This trend works for "Assessment" standards, however, because every class in a given course is pre-packaged, with even the standards, themselves, already met and set forth (in standards-compliant form, of course) by the publisher of the chosen course textbook. The professors do not need to do any prep and really don't need to know, much less care about, what they are teaching. In the darkened rooms pervading the halls of academia, those professors need not even see their students' faces, perplexed, confused, beginning to understand, struggling to learn as they might be. Why have that kind of feedback when assessment instruments—pre-packaged and certified to standards by the publishers—can do the job, instead?

For the personal touch, and in line with yet another higher-ed fad sometimes called "Writing across the Curriculum," some online instructors have their students submit an essay or two, despite the pervasive, palpable lack of writing skills these learners possess and despite the dubious grammar and composition skills of those who are their "teachers" in these courses.

Online courses are enormously attractive to colleges, however. Publishers deliver each course as a fairly complete, out-of-the-box package, and the "teacher" can do little more than be a supervisory quasi-Webmaster, scheduling tests, collecting results, and overseeing the big "classes" that cost the school less than brick-and-mortar delivery media and modalities. Better still, the power center shifts to the school's information technology services, which then has legitimate claim to pose as the center of teacher standards, teaching expertise, and funding. I have seen this happen: at the college where I was decertified as an online instructor, the so-called "Faculty Academy," which runs teacher training, is under the authority of Information Technology, which is not an academic department, but which is run by that fellow who personally decertified me, despite the fact that I was named Faculty Member of the Year that very same year. (That was the same year I launched my own education Website, complete with all kinds of resources, including professional-quality podcasts of all my lectures, which are also available by free subscription on Apple iTunes.)
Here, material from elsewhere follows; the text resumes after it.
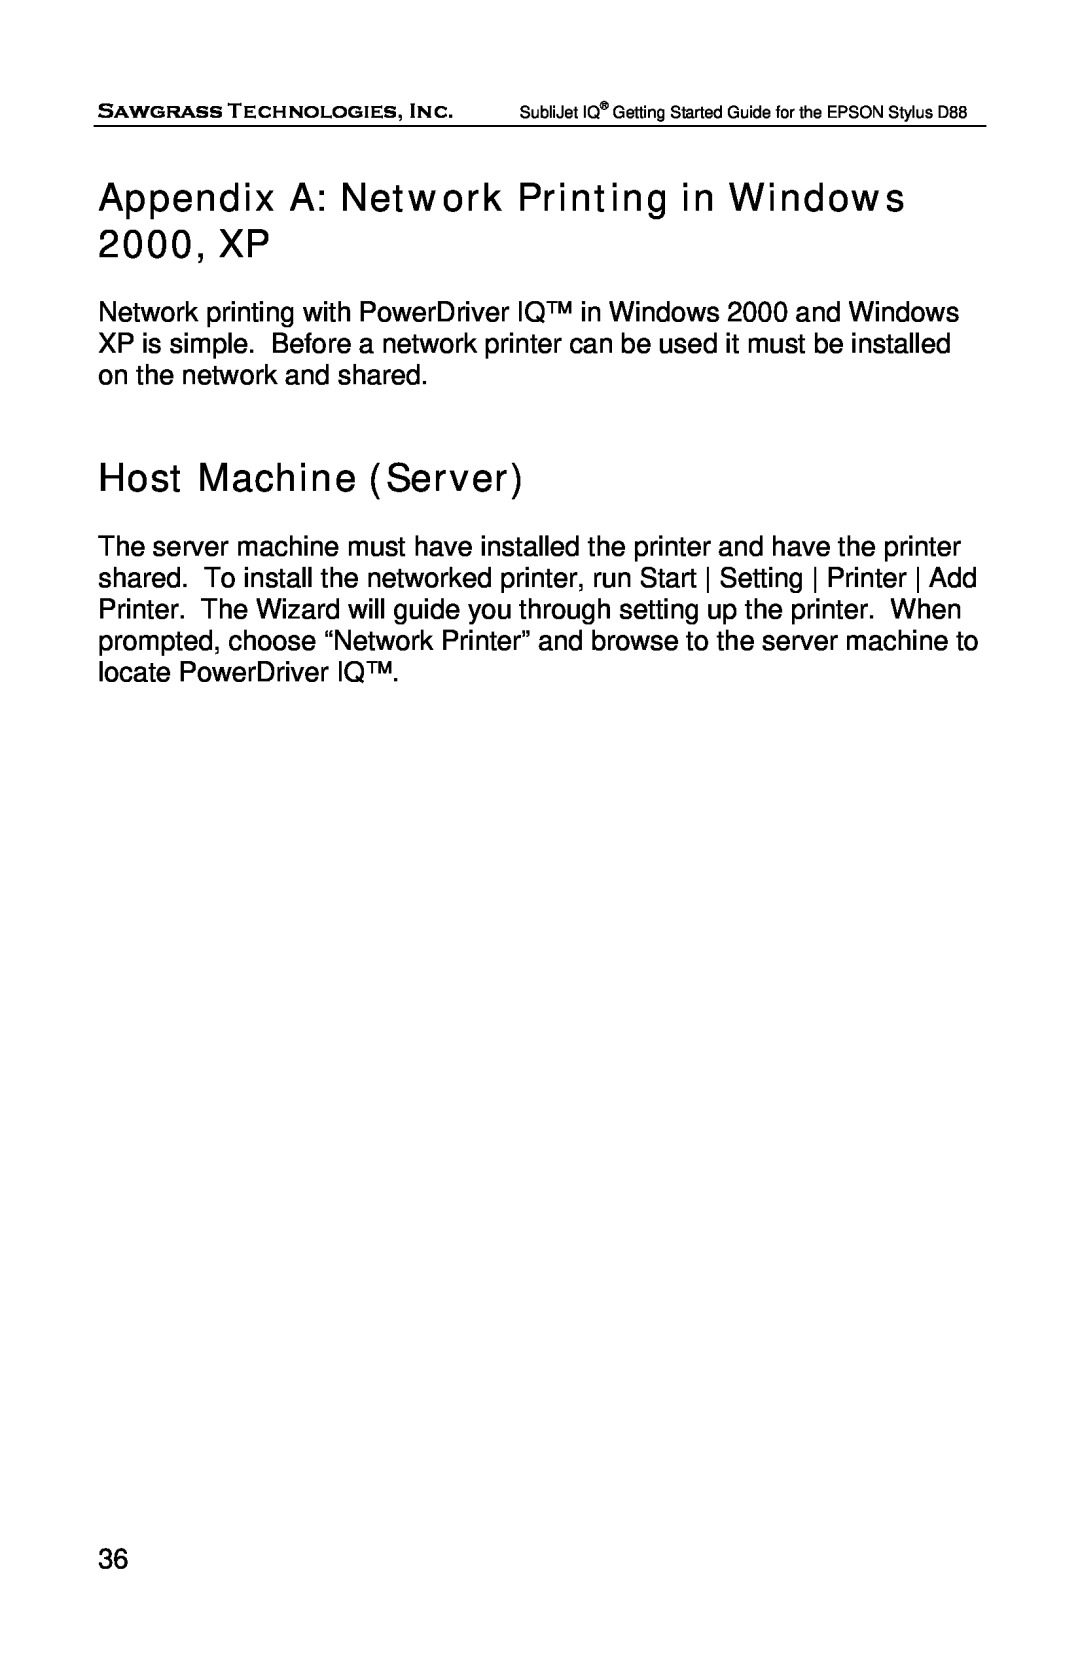 Epson D88 manual Appendix A Network Printing in Windows 2000, XP, Host Machine Server

The Information Technology services division whose Associate Dean decertified me also runs such programs as the one that "trains" teachers in everything from ethics (yet another fad in higher education, right now) to "instructional development" (whatever that is).

As an aside, this is the same Information Technology services department that cannot maintain standardization across the PCs on campus, fails to keep the software even on faculty workstations current, and becomes righteously furious with anyone who points out critical flaws, security gaps, and uninstalled but necessary software on campus computers.
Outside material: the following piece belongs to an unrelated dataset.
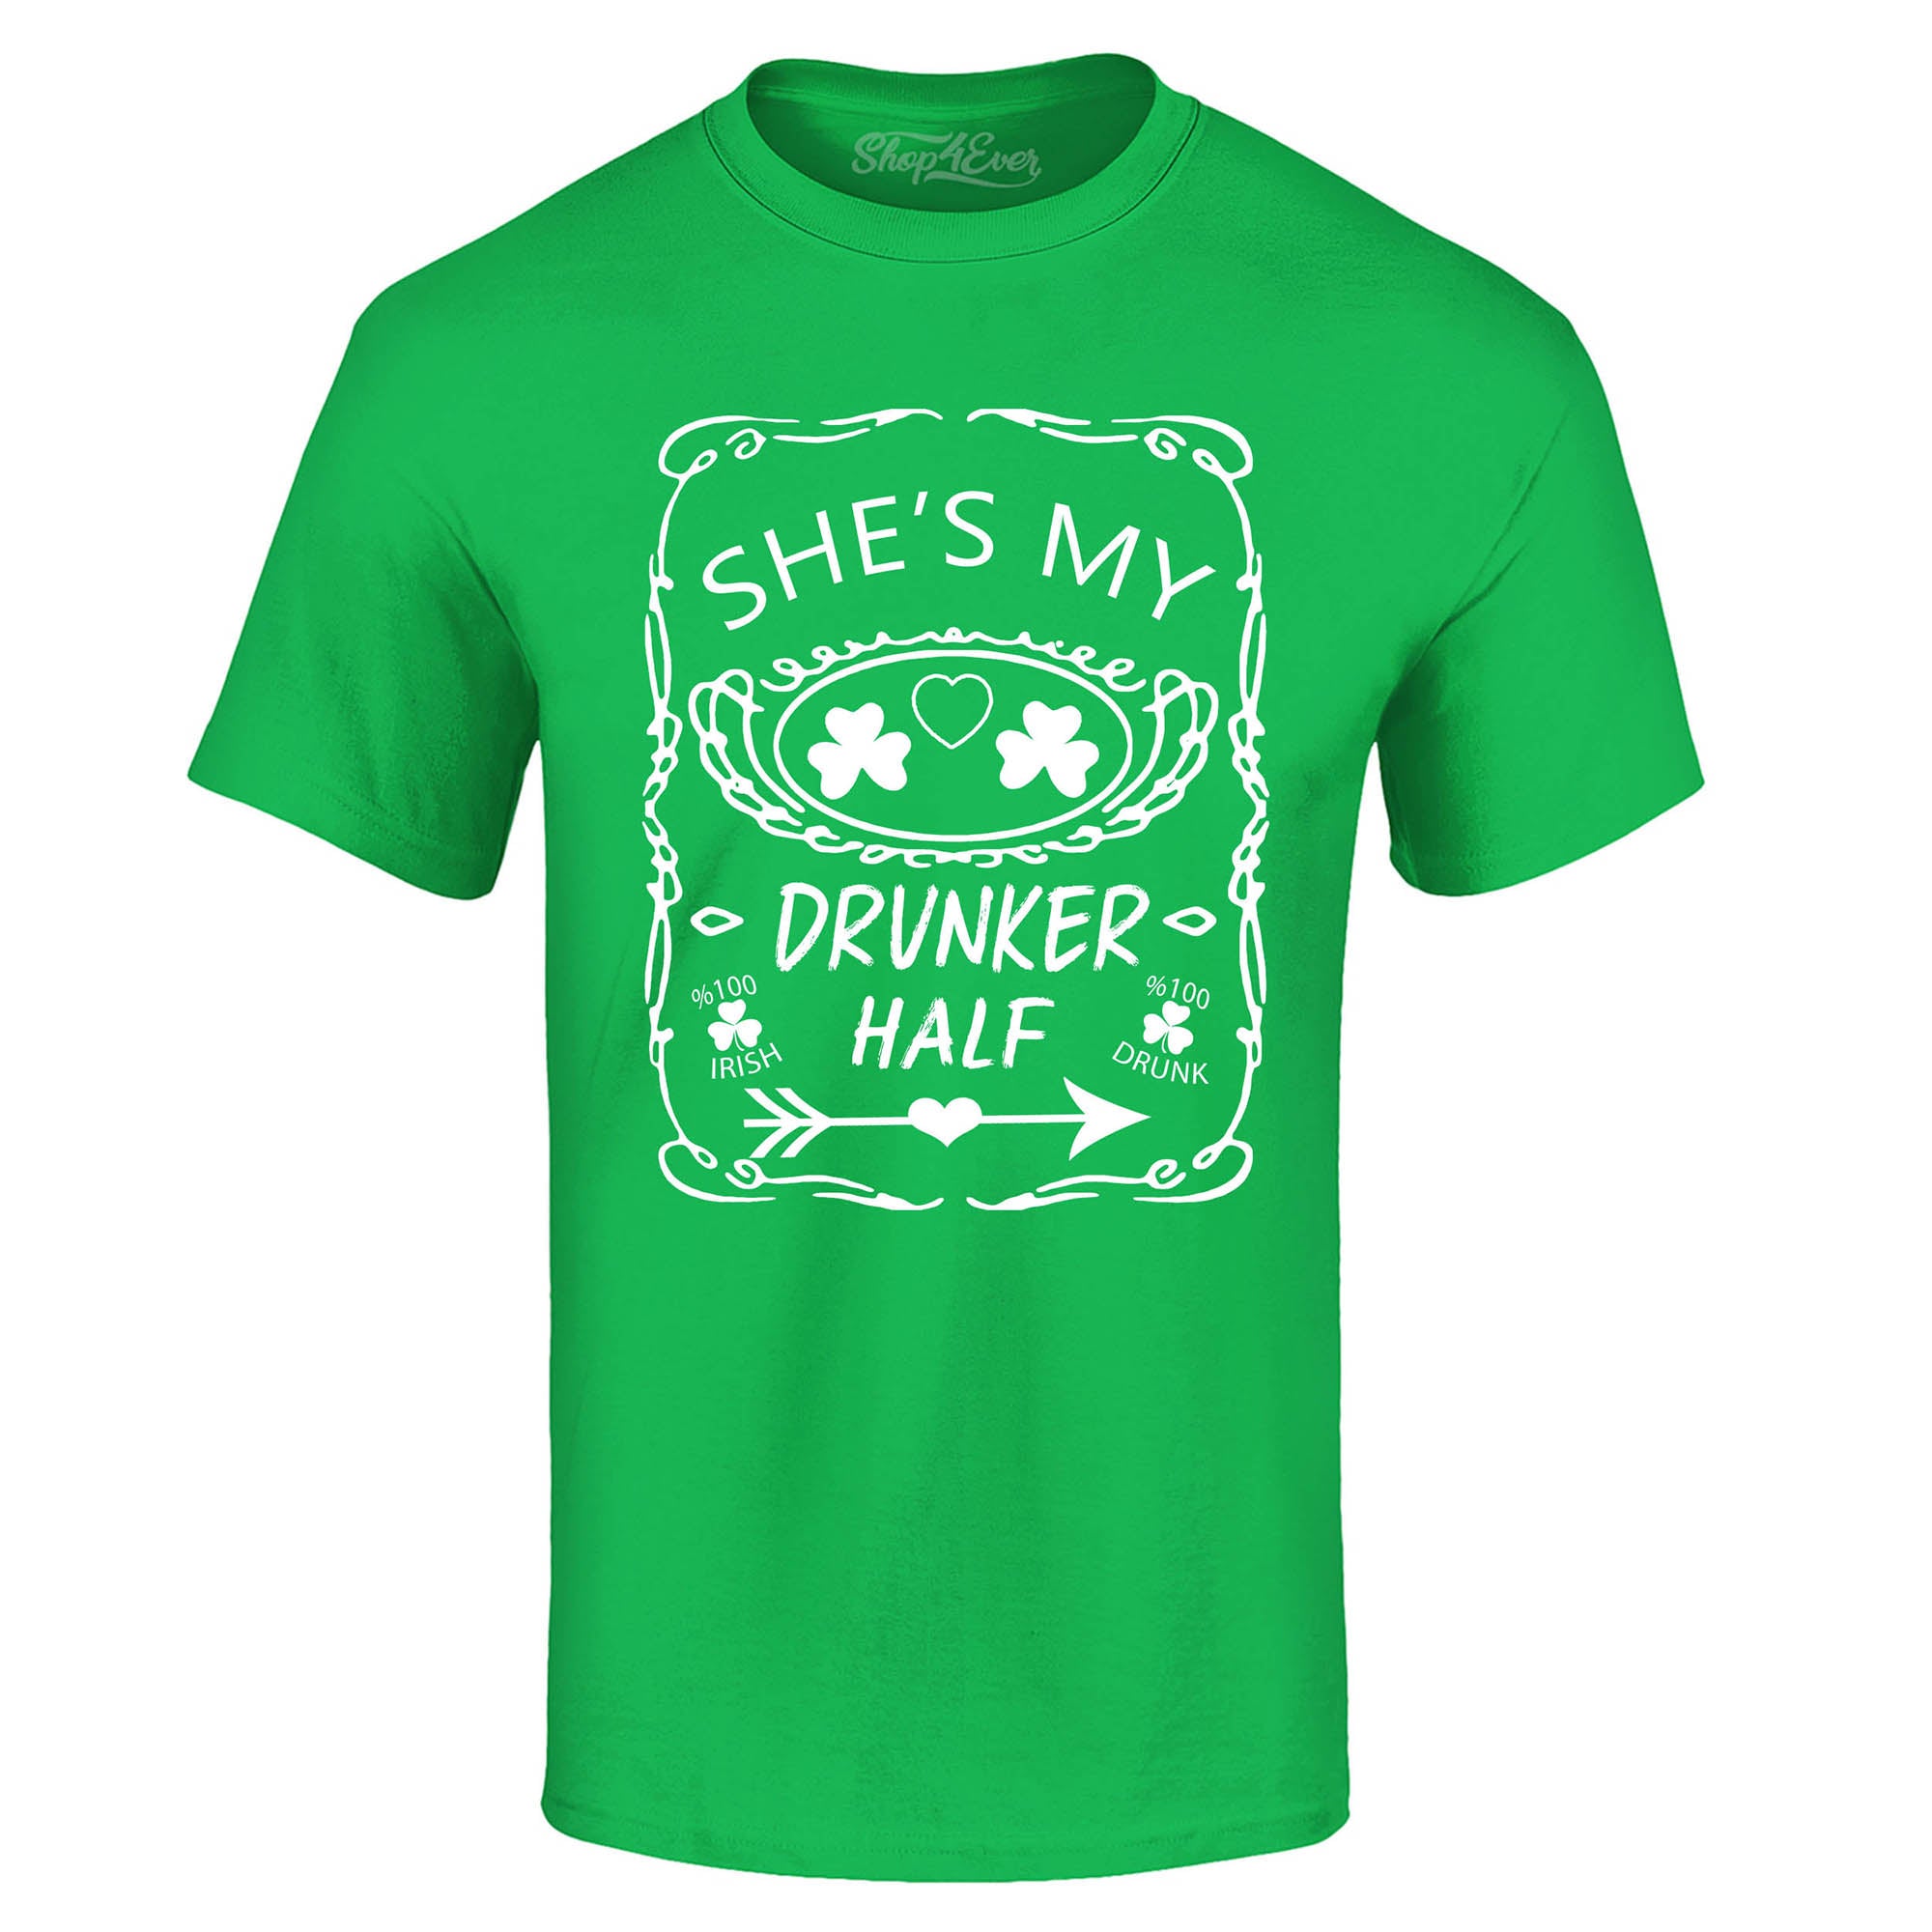 She's My Drunker Half ~ St. Patrick's Day T-Shirt

Returning for two final, somewhat broader points on the topic of those online courses that are now the cost-saving choice of cash-strapped schools, let there be no understatement about how bad they are for both students and educators. The department chairwoman whose decisions led to my looming financial difficulties, in defending the tilt toward these courses (while denying that any substantive shift is occurring), told me they are "popular," especially in the Summer when students want to go on vacations and do lots of other things that would preclude attending real classes. She is right about that: far too many students sign up for those online sections fully intending to get course credit for less effort than they would put into a classroom-based course. The downside is this: at least in my disciplines of expertise, especially in economics, virtually no online student can learn what I want that student to learn. I know this for a fact. In the cases where a student took the first of a two-course economics sequence online and then tried to take the second course in my classroom, almost never did the student pass unless he or she pretty much re-learned the material from the first course. In the past two years, students who had earned a course grade of A or a B in an online, first-semester section almost always failed or nearly failed my brick-and-mortar, second-semester class. Most of these students, in fact, dropped my course and eventually went back to the online way of getting their college credits in economics.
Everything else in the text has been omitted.